ASSIGNMENT:
All of the data should be restated word for word, with the pictures omitted.

RECORDED INFORMATION:
↓

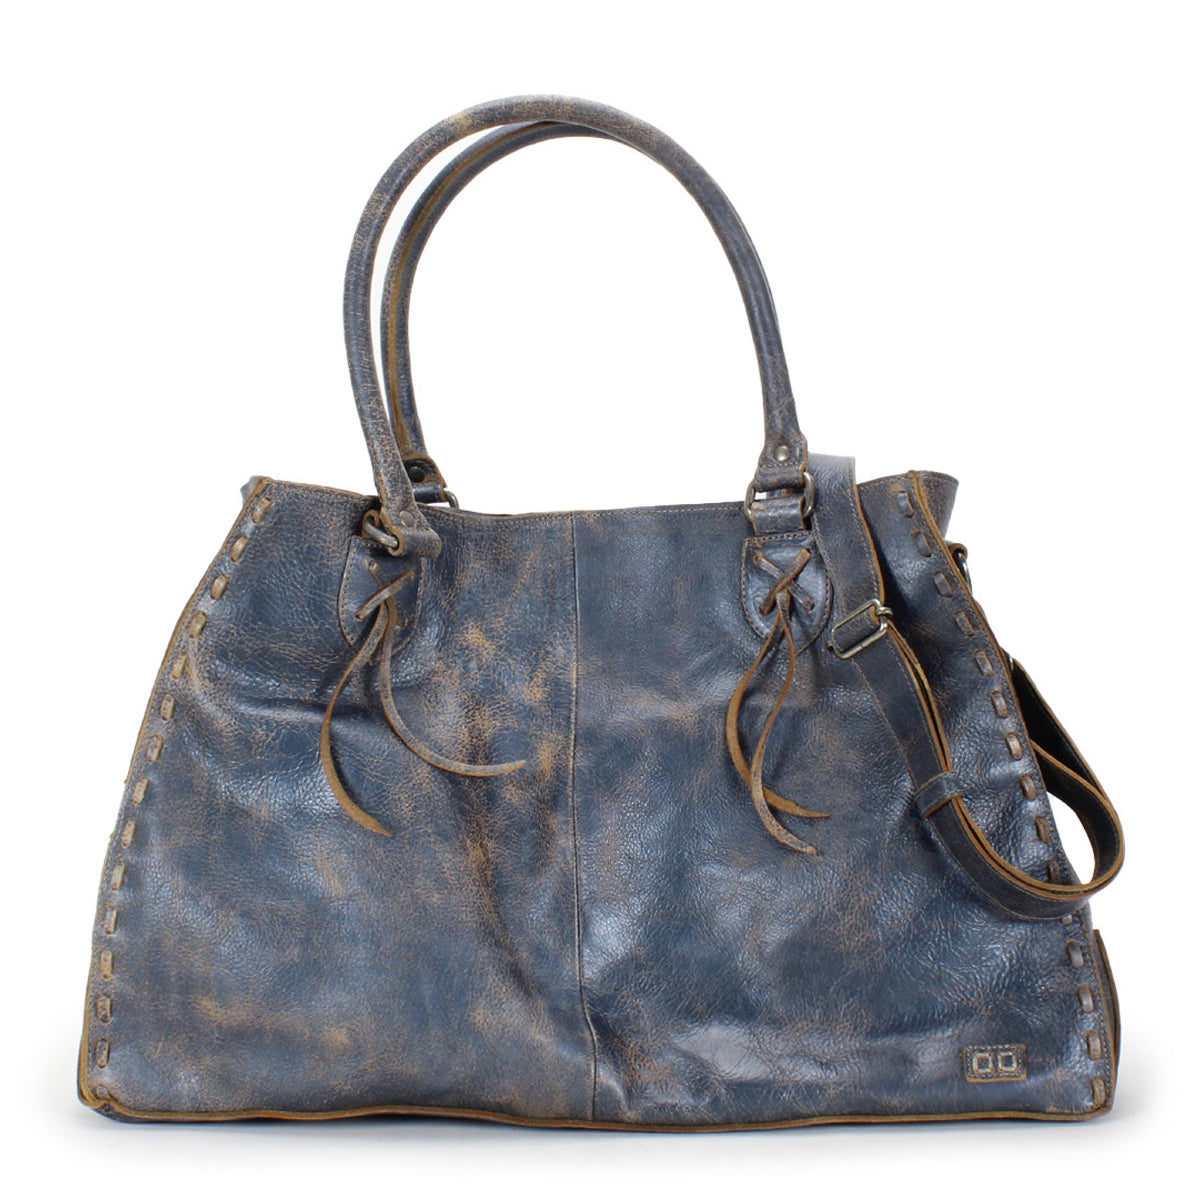 A Rockaway handbag in blue leather with a leather handle made by Bed Stu.
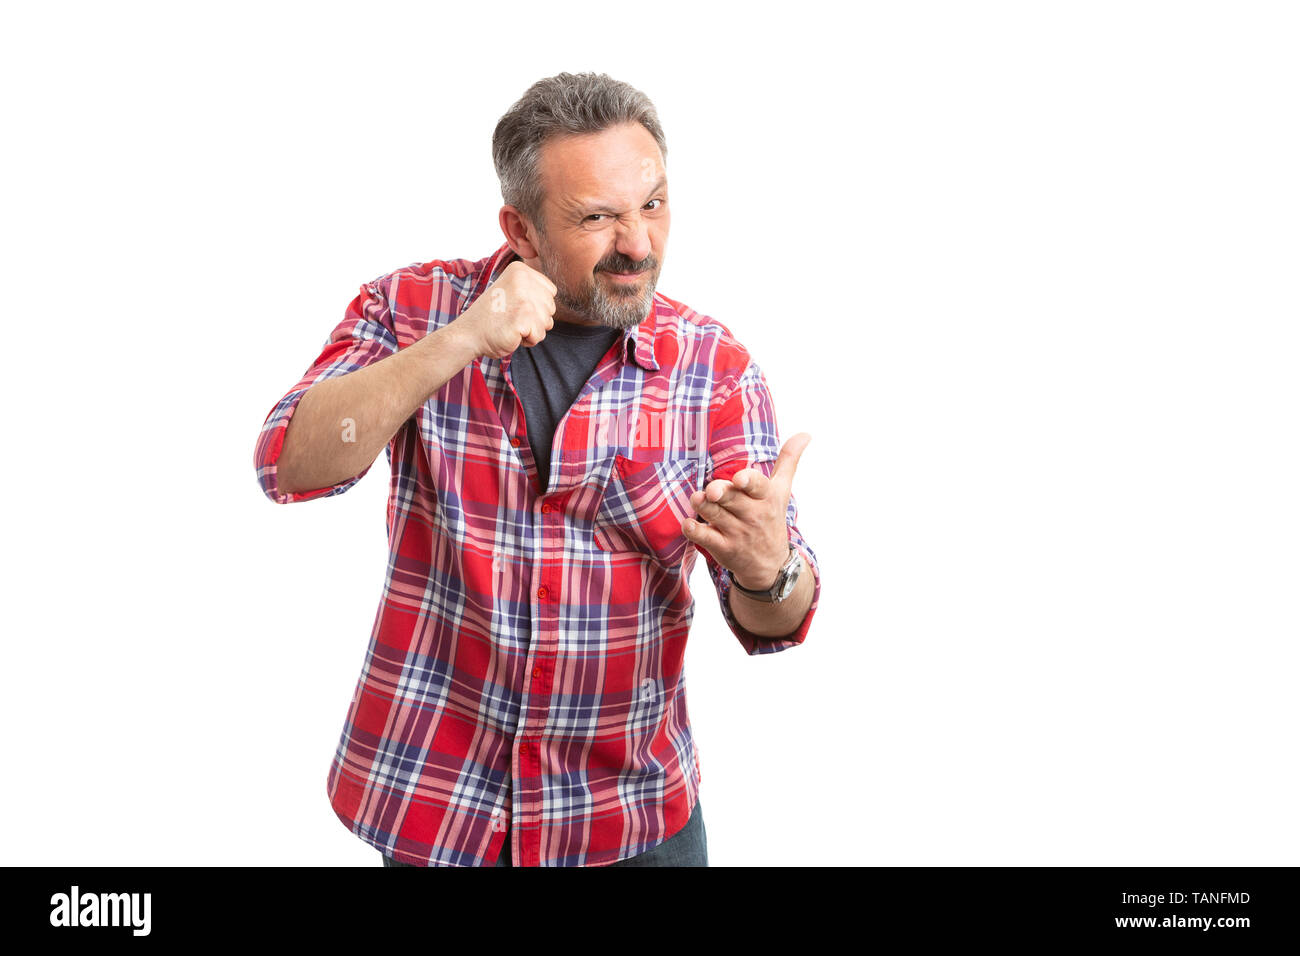 Angry man threatening by making gesture with fist and palm isolated on white studio background Stock Photo
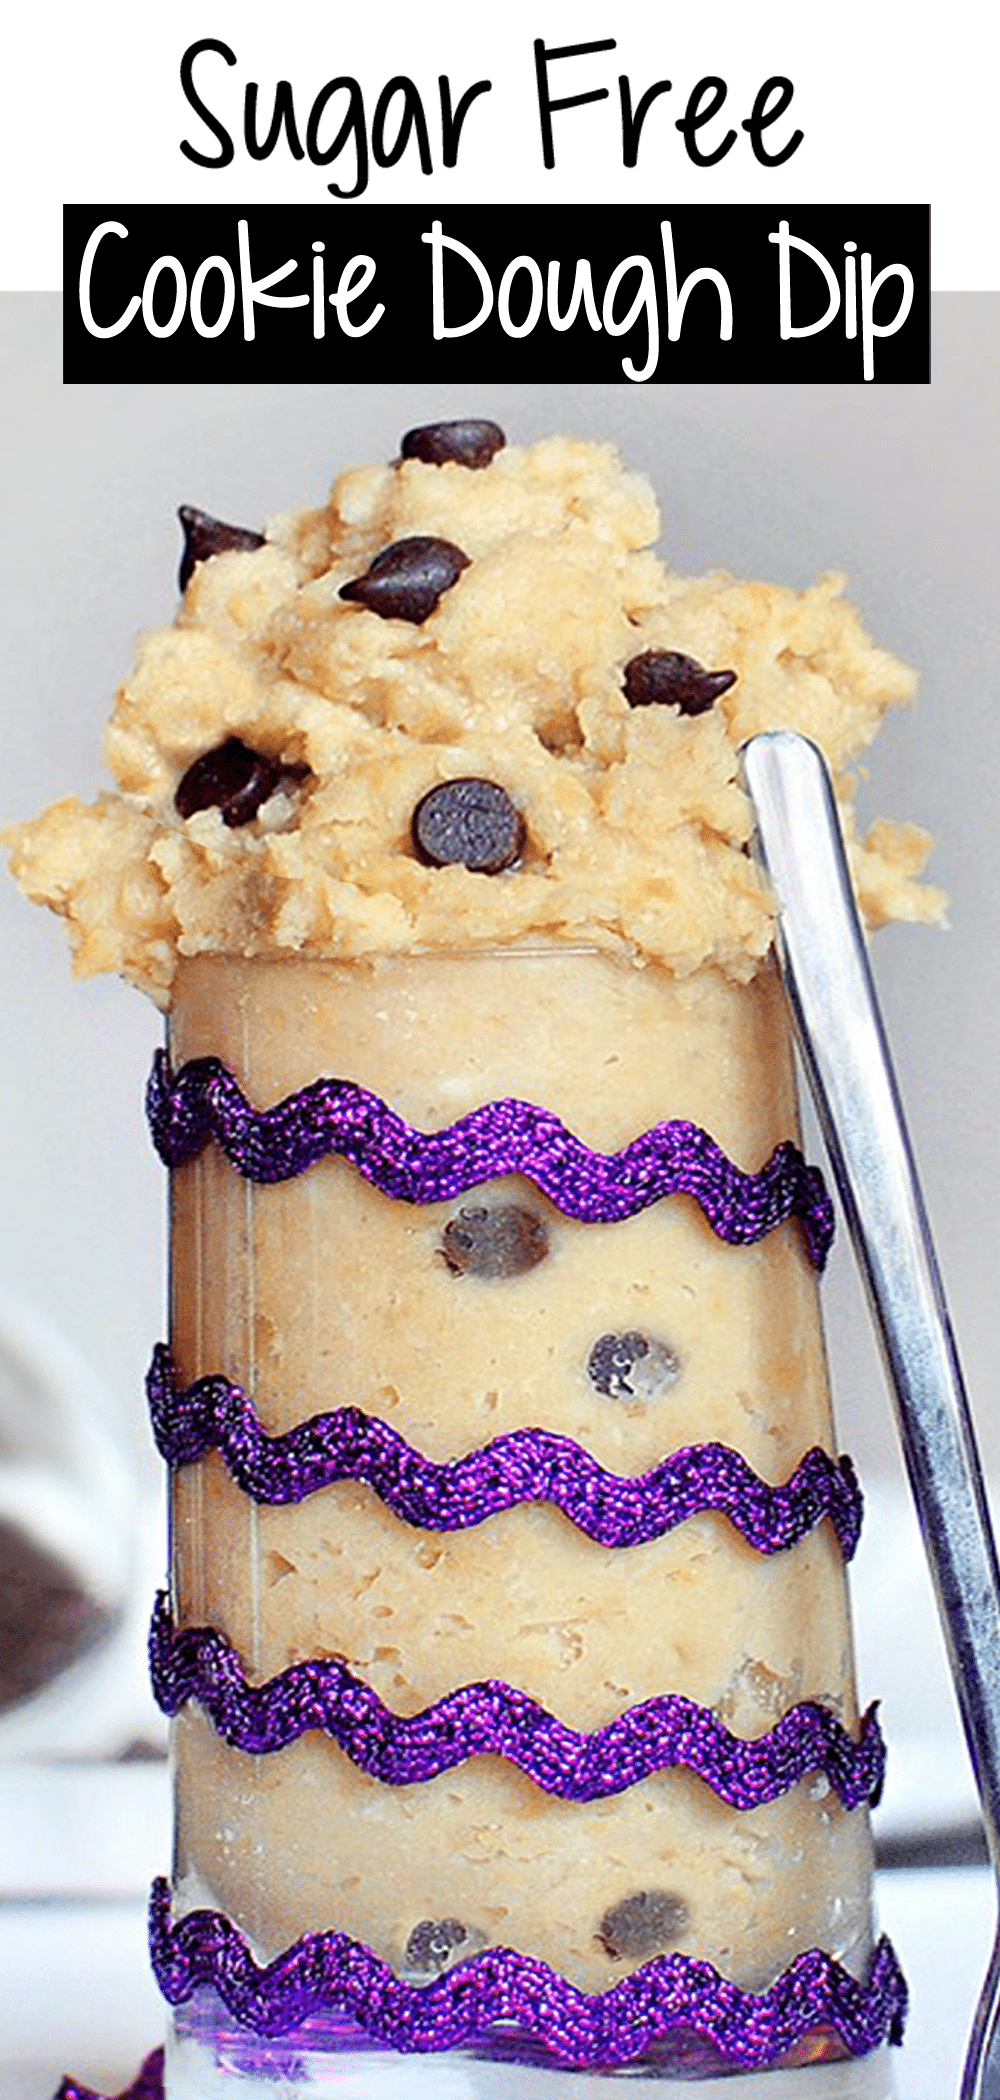 https://chocolatecoveredkatie.com/wp-content/uploads/2011/09/Sugar-Free-Chocolate-Chip-Cookie-Dough-Healthy-Snack-Dip-Recipe.png

↑

COMPLETED EXERCISE:
 A Rockaway handbag in blue leather with a leather handle made by Bed Stu.
 Angry man threatening by making gesture with fist and palm isolated on white studio background Stock Photo
 https://chocolatecoveredkatie.com/wp-content/uploads/2011/09/Sugar-Free-Chocolate-Chip-Cookie-Dough-Healthy-Snack-Dip-Recipe.png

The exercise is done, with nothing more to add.